The data-gathering part of that mission came to an end in May 2013, when the second of Kepler's four orientation-maintaining reaction wheels failed, robbing the spacecraft of its super-precise pointing ability. A repair mission is not going to happen; Kepler orbits the sun, not the Earth.

But Kepler is still observing the heavens. In May 2014, NASA approved a new two-year mission extension called K2 for the space observatory, during which a compromised Kepler continues to hunt for exoplanets but also observes other cosmic objects and phenomena, including supernova explosions and star clusters.

K2 should spot a number of relatively nearby exoplanets that can be observed in detail by NASA's $8.8 billion James Webb Space Telescope (JWST), which is scheduled to launch in late 2018, Batalha said.
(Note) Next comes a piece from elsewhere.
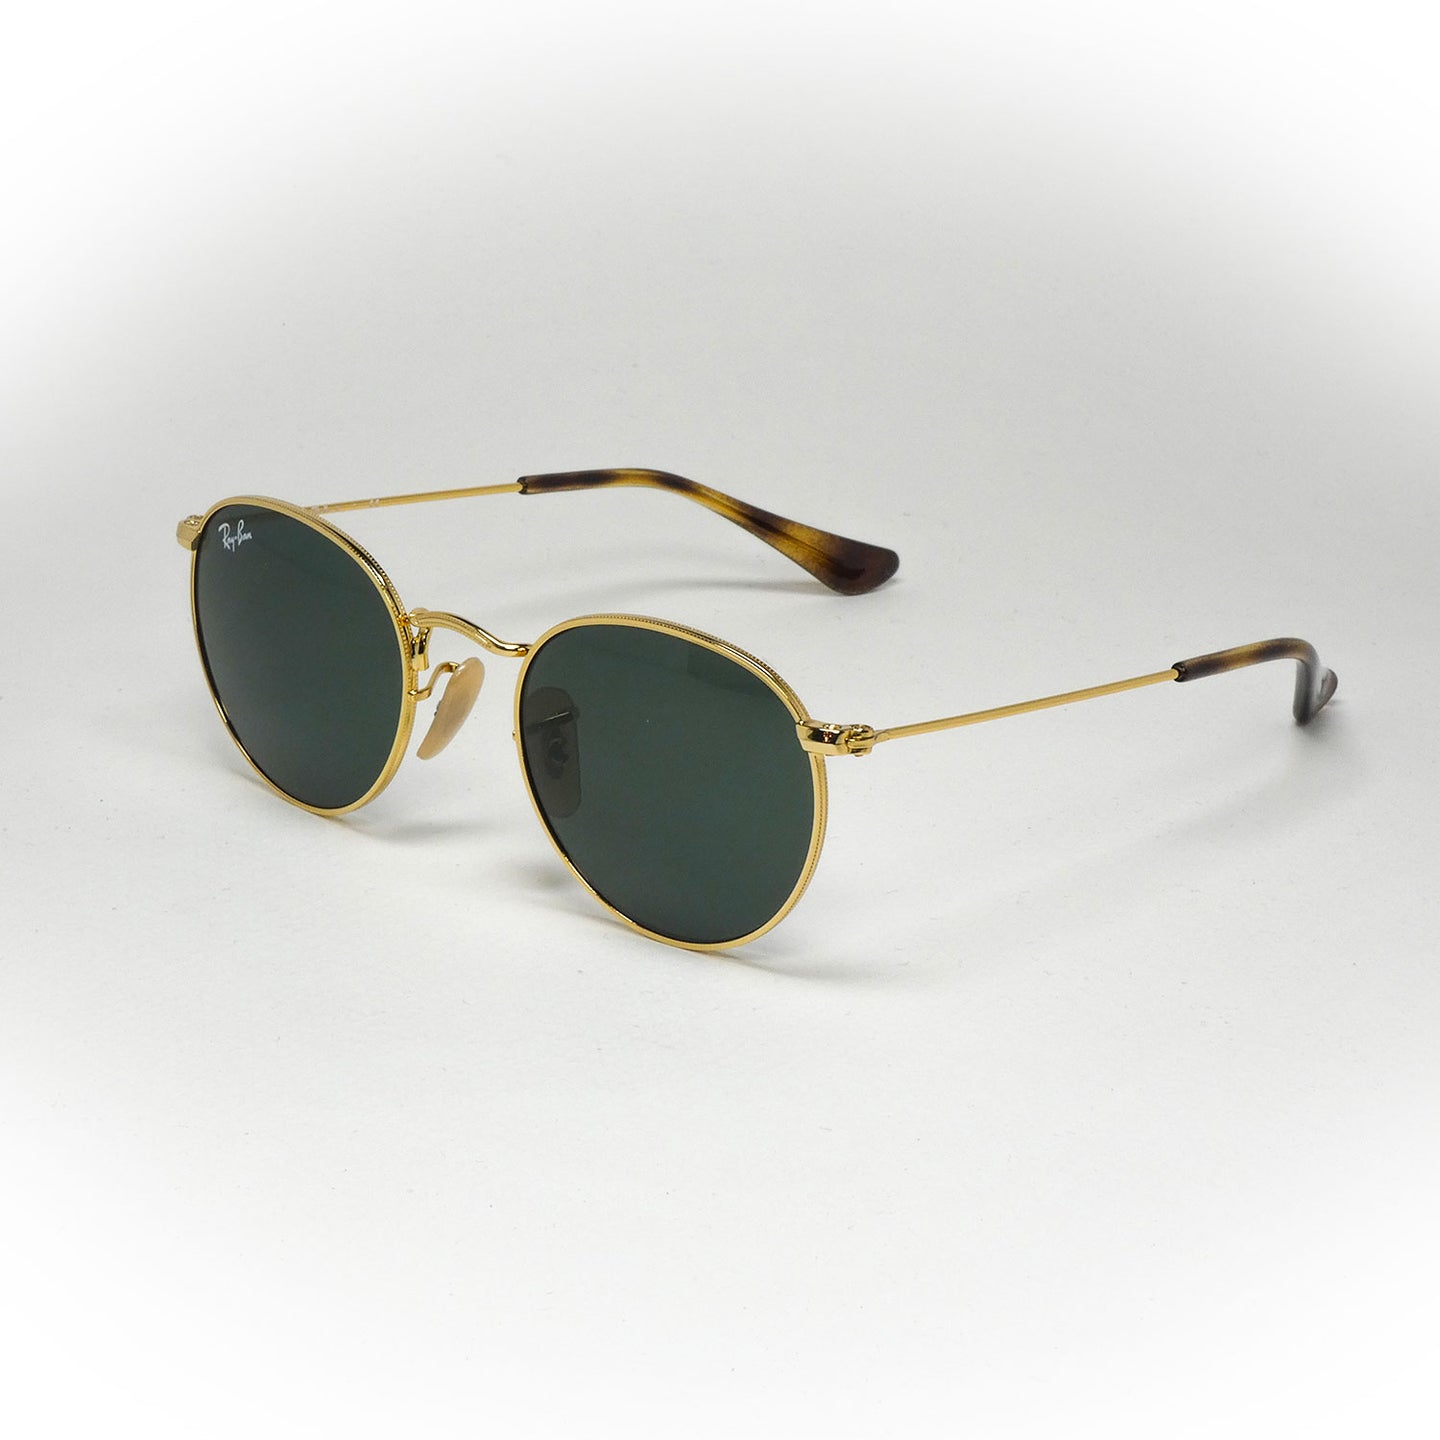 sunglasses ray ban model rj 9547s color 223/71 gold

"So we will be well-poised when JWST launches to begin studying the diversity of the atmospheres of planets, thanks to discoveries made by K2," she said. (NASA's Transiting Exoplanet Survey Satellite, or TESS, scheduled to launch in 2017, should also find a number of promising targets for follow-up work by JWST, researchers say.)

While K2 observations continue, Batalha and other Kepler scientists are still busy analyzing data from the prime mission. NASA wants this work done by September 2017, and the team should meet that deadline, Batalha said.

"Sometime around September of 2016, we'll probably have our final catalog," she said. "And then between September and January [of 2017], we'll be producing the products that will allow people to do the statistics with the catalog. And then we'll kind of write up all of our documentation and final papers, and turn off the lights and go home sometime around the end of summer 2017."

But that moment won't mark the end of Kepler's contributions; NASA could extend K2 for another two years, for example. And even if the spacecraft shuts its sensitive eyes in 2016, its observations will keep researchers busy for a long time to come.

"I fully expect that scientists will be working through Kepler data — and characterizing those planets and inferring various properties of exoplanets based on that data — literally for decades," Batalha said.